Skip to main content

Extensions for catboost models

Project description

Catboost-extensions


This library provides an easy-to-use interface for hyperparameter tuning of CatBoost models using Optuna. The OptunaTuneCV class simplifies the process of defining parameter spaces, configuring trials, and running cross-validation with CatBoost.

Installation

To install the library, use pip:

pip install catboost-extensions

Quick Start Guide

OptunaTuneCV

Here is an example of how to use the library to tune a CatBoost model using Optuna:

1. Import necessary libraries

from pprint import pprint

import pandas as pd

from catboost_extensions.optuna import (
    OptunaTuneCV, 
    CatboostParamSpace,
)
from catboost import CatBoostRegressor
from sklearn.datasets import fetch_california_housing
import optuna

2. Load and prepare your data

# Load dataset
data = fetch_california_housing()
X = pd.DataFrame(data.data, columns=data.feature_names)
y = data.target

3. Define your CatBoost model

model = CatBoostRegressor(verbose=False, task_type='CPU')

4. Define the parameter space

The CatboostParamSpace class allows you to define a parameter space for your CatBoost model. You can remove parameters that you don't want to tune using the del_params method.

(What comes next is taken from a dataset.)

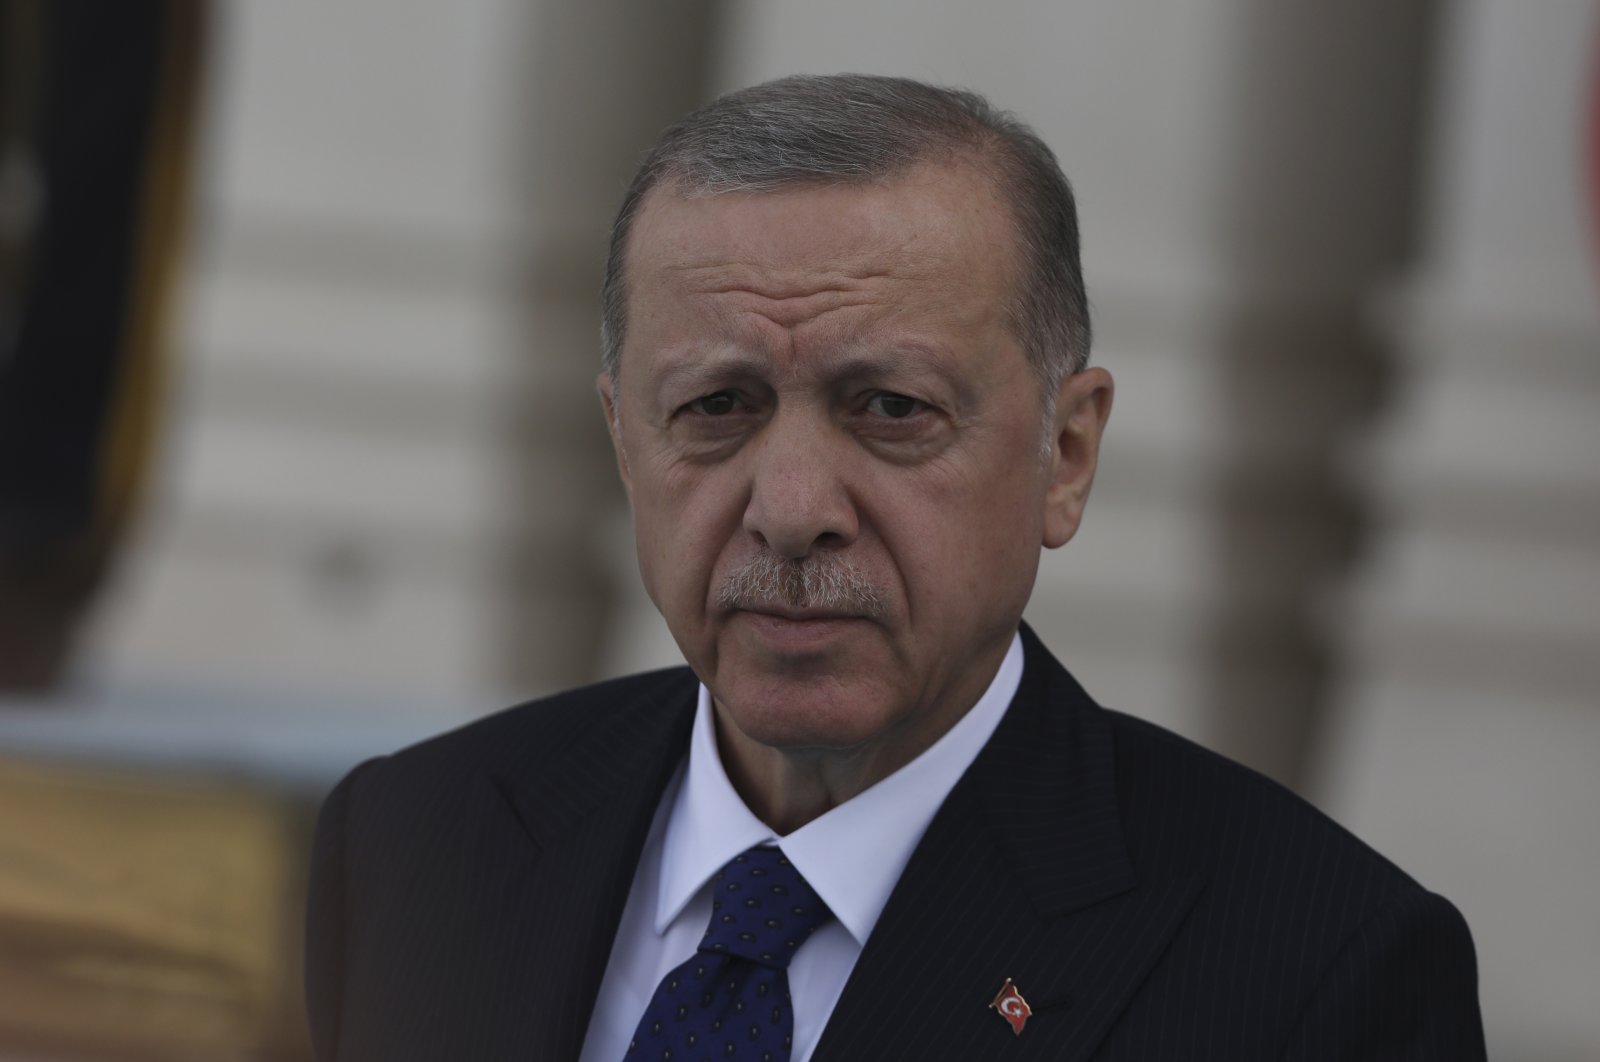 Erdoğan announces 2023 presidential candidacy for People’s Alliance

param_space = CatboostParamSpace(params_preset='general', task_type='CPU')
param_space.del_params(['depth', 'l2_leaf_reg'])
pprint(param_space.get_params_space())

Out:

{'bootstrap_type': CategoricalDistribution(choices=('Bayesian', 'MVS', 'Bernoulli', 'No')),
 'grow_policy': CategoricalDistribution(choices=('SymmetricTree', 'Depthwise', 'Lossguide')),
 'iterations': IntDistribution(high=5000, log=False, low=100, step=1),
 'learning_rate': FloatDistribution(high=0.1, log=True, low=0.001, step=None),
 'max_bin': IntDistribution(high=512, log=False, low=8, step=1),
 'random_strength': FloatDistribution(high=10.0, log=True, low=0.01, step=None),
 'rsm': FloatDistribution(high=1.0, log=False, low=0.01, step=None),
 'score_function': CategoricalDistribution(choices=('Cosine', 'L2'))}

Also you can change the default values of the parameters:

param_space.iterations=(1000, 2000)

5. Set up the OptunaTuneCV objective

The OptunaTuneCV class helps to define an objective function for Optuna. You can specify the CatBoost model, the parameter space, the dataset, and other options such as the trial timeout and the scoring metric.

objective = OptunaTuneCV(model, param_space, X, y, trial_timeout=10, scoring='r2')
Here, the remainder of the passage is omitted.